Marie-Bernadette. – Merci, minou. Mais tu sais, c’est Verlaine qu’il faut remercier pour la magnificence de ces quelques vers. Je n’en suis que l’humble interprète.

Edmond. – Ne sois pas modeste. La beauté de ce poème repose pour beaucoup sur ton interprétation, minou.

Marie-Bernadette, attendrie et faussement humble. – Oh ! minou…

William, à Edmond. – Peut-être faudrait-il préciser à « minou » qu’elle porte des cornes qui risquent de s’accrocher dans les cintres au-dessus de la scène… Enfin, moi je dis ça…

Marie-Bernadette, ayant entendu les propos de William. – Mon cher William, permettez-moi de vous conseiller d’aller vous faire contempler les replis de la zone sous-périnéenne du côté de l’Acropole.

Edmond. – Allons, allons, calmez-vous un peu. Il est normal que les esprits s’échauffent à moins d’une heure de la première, mais il faut que nous restions concentrés sur l’essentiel : la pièce que nous jouons ce soir. Gardez bien à l’esprit qu’il est pour moi capital que tout se passe pour le mieux. Je suis, ne l’oubliez pas, non seulement l’auteur de la pièce, mais également son producteur, son metteur en scène et le propriétaire de ce théâtre, acquis grâce à la générosité de ma chère Marie-Bernadette ici présente. (D’un air mielleux.) N’est-ce pas, minou ? J’espère vraiment que la menace d’orage ne rebutera pas les spectateurs…

Marie-Bernadette. – Ne te tracasse pas, minou.

Corinne se saisit d’un plateau sur lequel se trouvent différents jus de fruits. Elle en propose à Marie-Bernadette de façon mielleuse.

Corinne. – Marie-Bernadette, j’ai pensé qu’un petit rafraîchissement vous ferait plaisir. Qu’est-ce que je peux vous proposer ? Jus d’orange, jus de pomme, jus de mangue, jus de fraise, jus d’ananas ou jus de tomate ?

Marie-Bernadette. – C’est gentil mais je ne bois que du jus de pamplemousse, ma petite Corinne… Vous n’en avez pas ?

Corinne. – Non…

Marie-Bernadette. – Alors, non merci mon petit…

Corinne repart poser son plateau, visiblement agacée mais cherchant à le cacher.

 

 

Scène 3

Fabienne, William, Corinne, Marie-Bernadette, Edmond, Janine

 

Janine entre avec un plumeau à la main.

Janine. – Bon, c’est pas tout ça mais faudrait p’t-être que j’attaque le ménage et le rangement de tout votre bazar avant le début de la pièce ! Sinon ça va-t-être comme à toutes les répétitions : vous n’allez plus savoir où sont vos costumes. Mme du Serpolet…

Marie-Bernadette. – Mme Léra du Serpolet, je vous prie.

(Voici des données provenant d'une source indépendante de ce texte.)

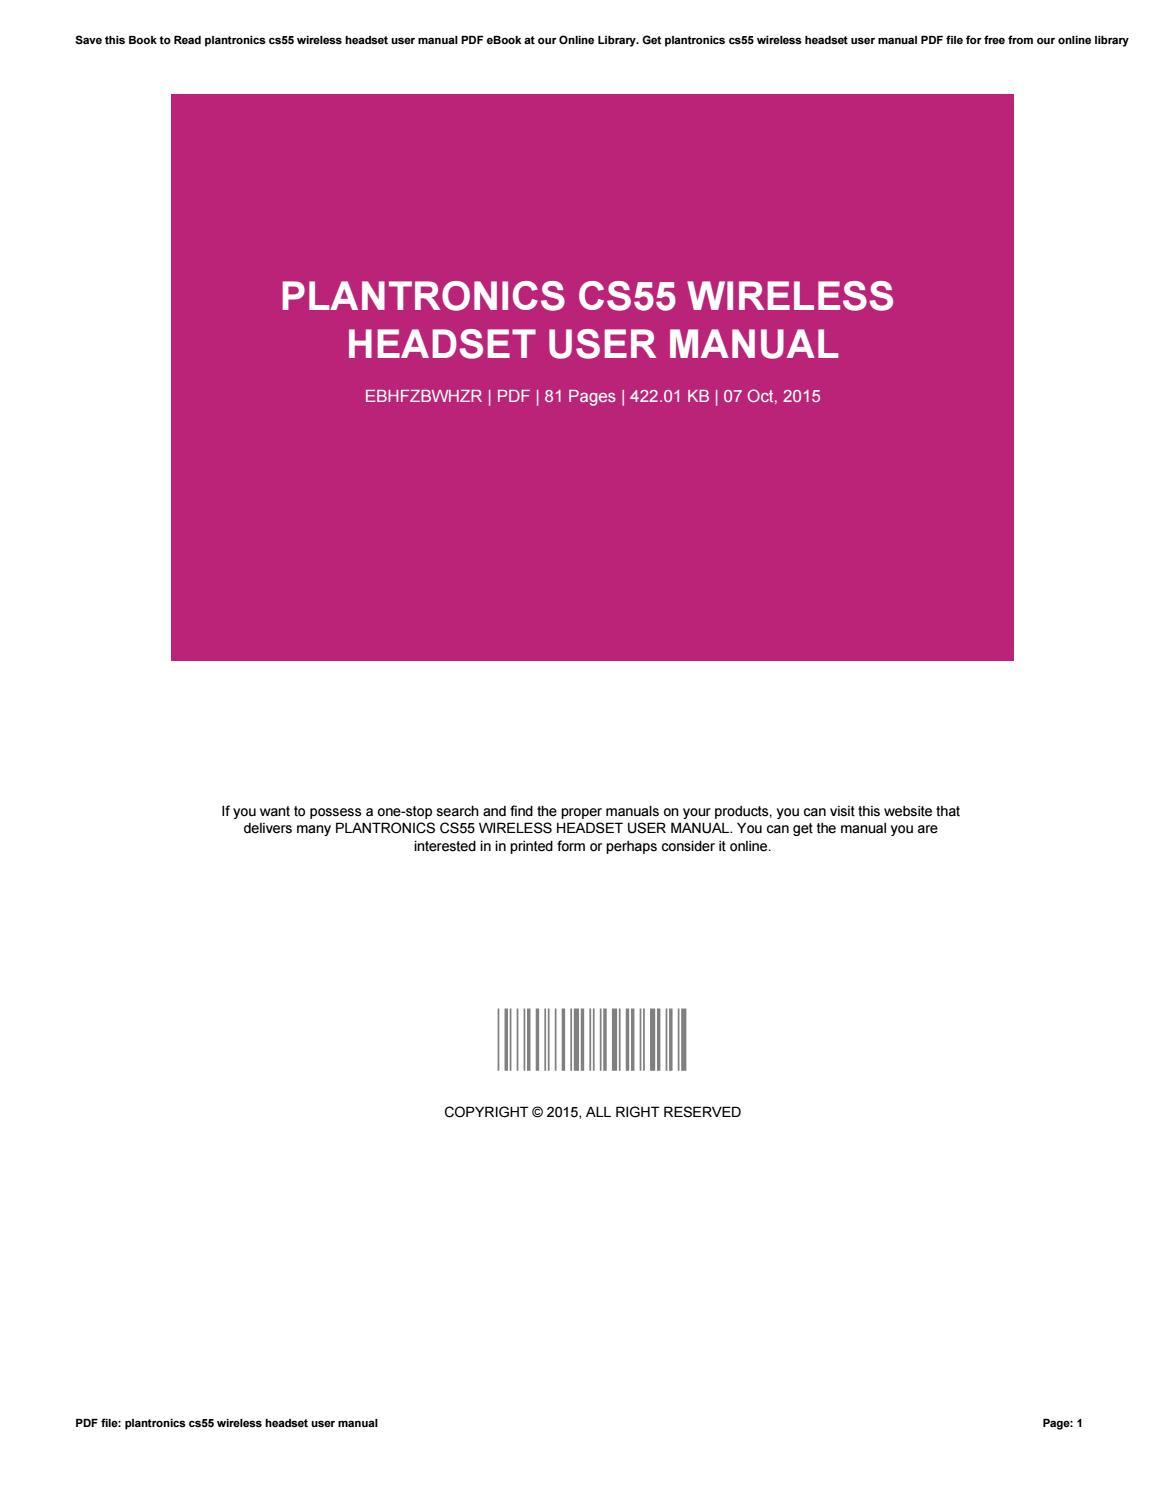 Plantronics c50 manual.

Janine. – C’est ça, oui… Mme Marie-Bernadette, quoi ! Mme Marie-Bernadette, donc, va pousser des cris et dire que c’est effroyable parce qu’elle ne retrouve pas ses affaires, M. Réal va nous redire qu’à Paris ça ne se passerait pas comme ça et normalement, si ça file droit, Mlle Boba va finir par pleurer. Pour le soir de la première, ce serait moche…

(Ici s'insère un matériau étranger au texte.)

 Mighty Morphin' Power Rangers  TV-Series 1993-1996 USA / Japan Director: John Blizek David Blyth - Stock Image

Edmond. – Janine, je préférerais que vous alliez aux entrées. C’est vous qui êtes au guichet ce soir, ne l’oubliez pas !

Janine. – Comment que je pourrais l’oublier ? C’est moi qui va y être tous les soirs ! Vous inquiétez pas, m’sieur Gaillot, c’est comme si j’y étais. Une concierge de théâtre ça doit savoir tout faire. (Elle range un peu autour d’elle.)

William. – Fabienne, nous pourrions peut-être terminer notre répétition sur scène ? Corinne et toi en avez bien besoin.

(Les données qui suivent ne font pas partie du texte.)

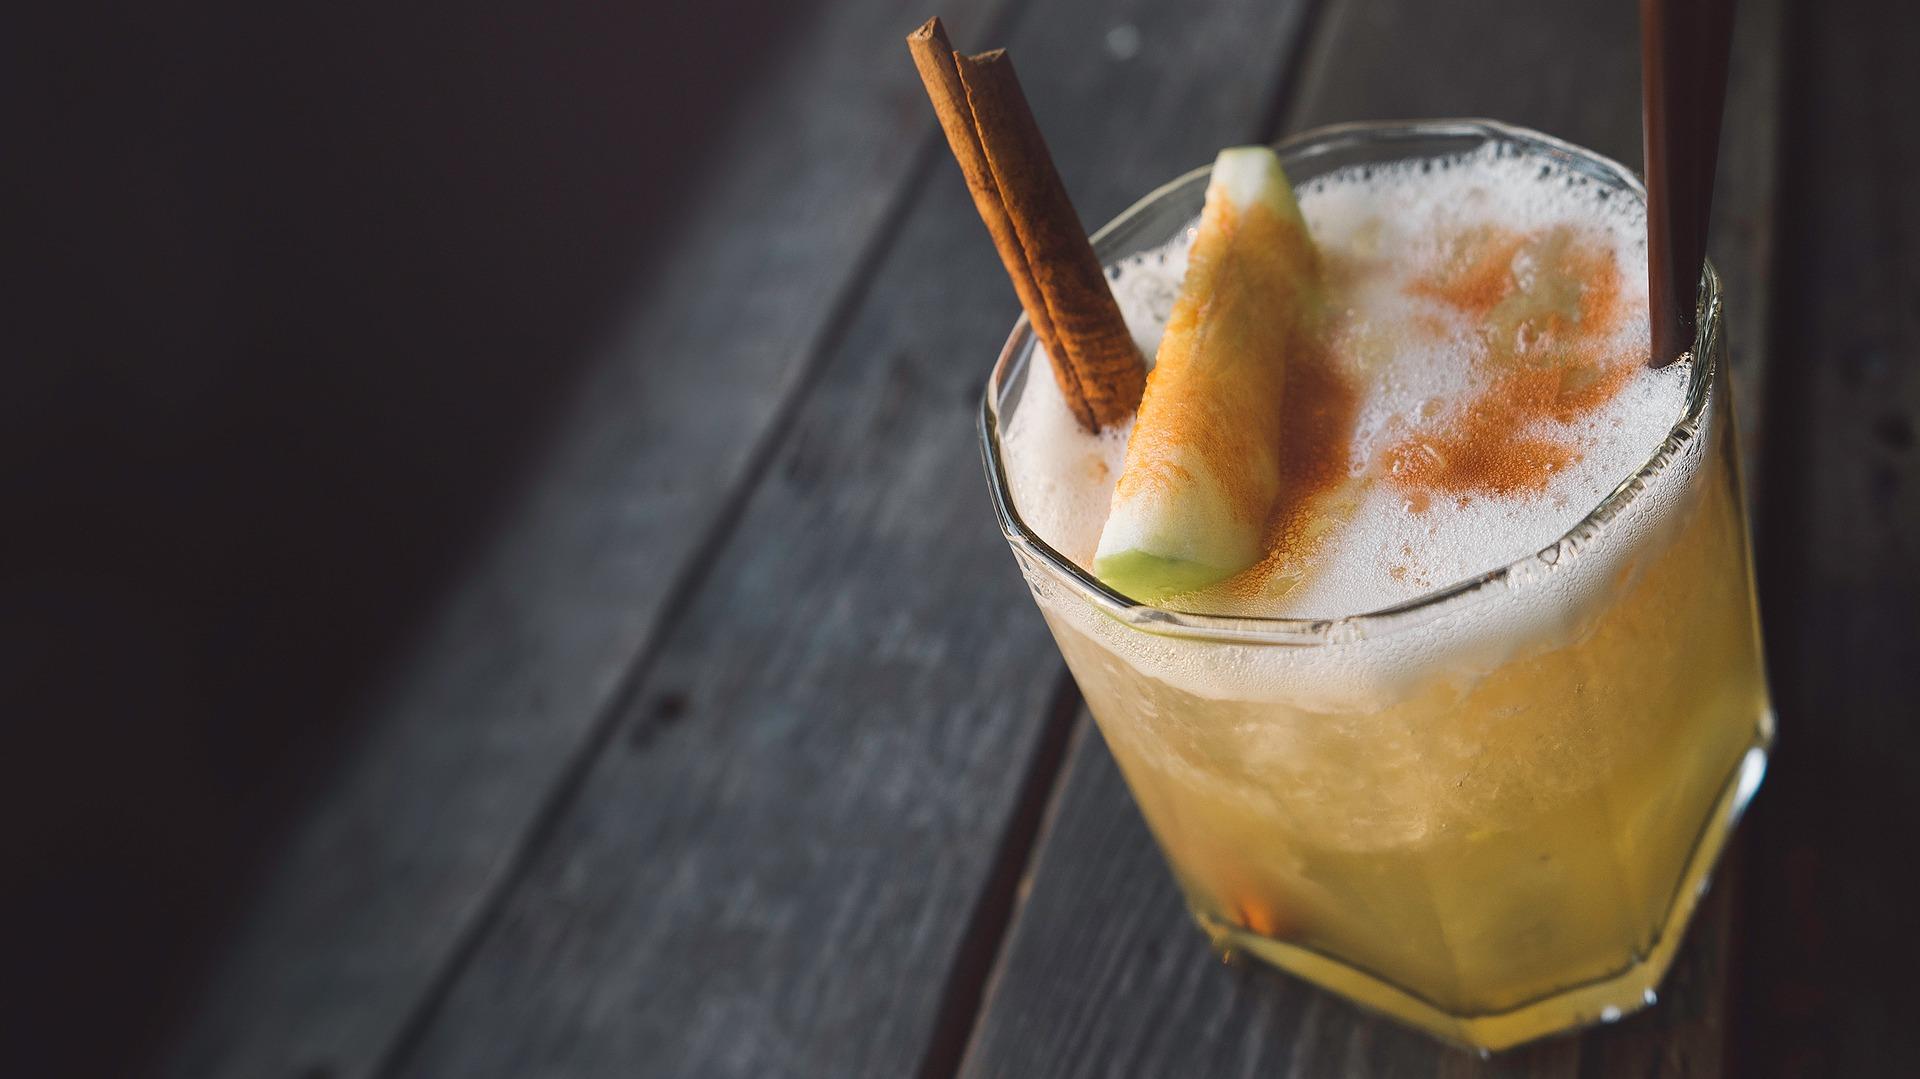 cocktail-2571489_1920.jpg

William sort. Fabienne lui emboîte le pas.

Fabienne. – Ce que tu m’agaces, mon pauvre William !

Corinne. – Je vous rejoins dans cinq minutes…

Marie-Bernadette, se levant et allant pour sortir. – Puis-je me joindre à vous et vous donner la réplique ? Une grande comédienne comme moi doit savoir se mettre à la portée de la nouvelle génération et lui permettre de partager son haut magistère intellectuel et théâtral… (Une pause.) L’essentiel est de savoir par ailleurs conserver toute son humilité.

Marie-Bernadette sort.

 

 

Scène 4

Corinne, Edmond, Janine

 

Janine poursuit son nettoyage et son rangement. Edmond la regarde, agacé.

Janine, voyant l’agacement d’Edmond. – Oui, oui, oui, j’y vais à vos entrées, m’sieur Gaillot. Dans cinq minutes c’est tout nickel ici et je m’y colle.

Edmond. – Janine ! (Une pause.) Janine… (Lui faisant signe de sortir.)

Janine, comprenant qu’Edmond veut rester seul avec Corinne. – Ah !!! J’y vais ! (Elle adresse à Edmond un clin d’œil qui se voulait discret mais qui est loin de l’être. Elle lui fait signe qu’elle restera muette.) Vous me connaissez !

Edmond. – Justement ! (Il reproduit le geste par lequel Janine lui a fait comprendre qu’elle resterait muette.)

Janine sort.

Corinne. – Oh ! Edmond, je n’en peux plus… William est insupportable avec moi. En plus, il me dit que je joue mal…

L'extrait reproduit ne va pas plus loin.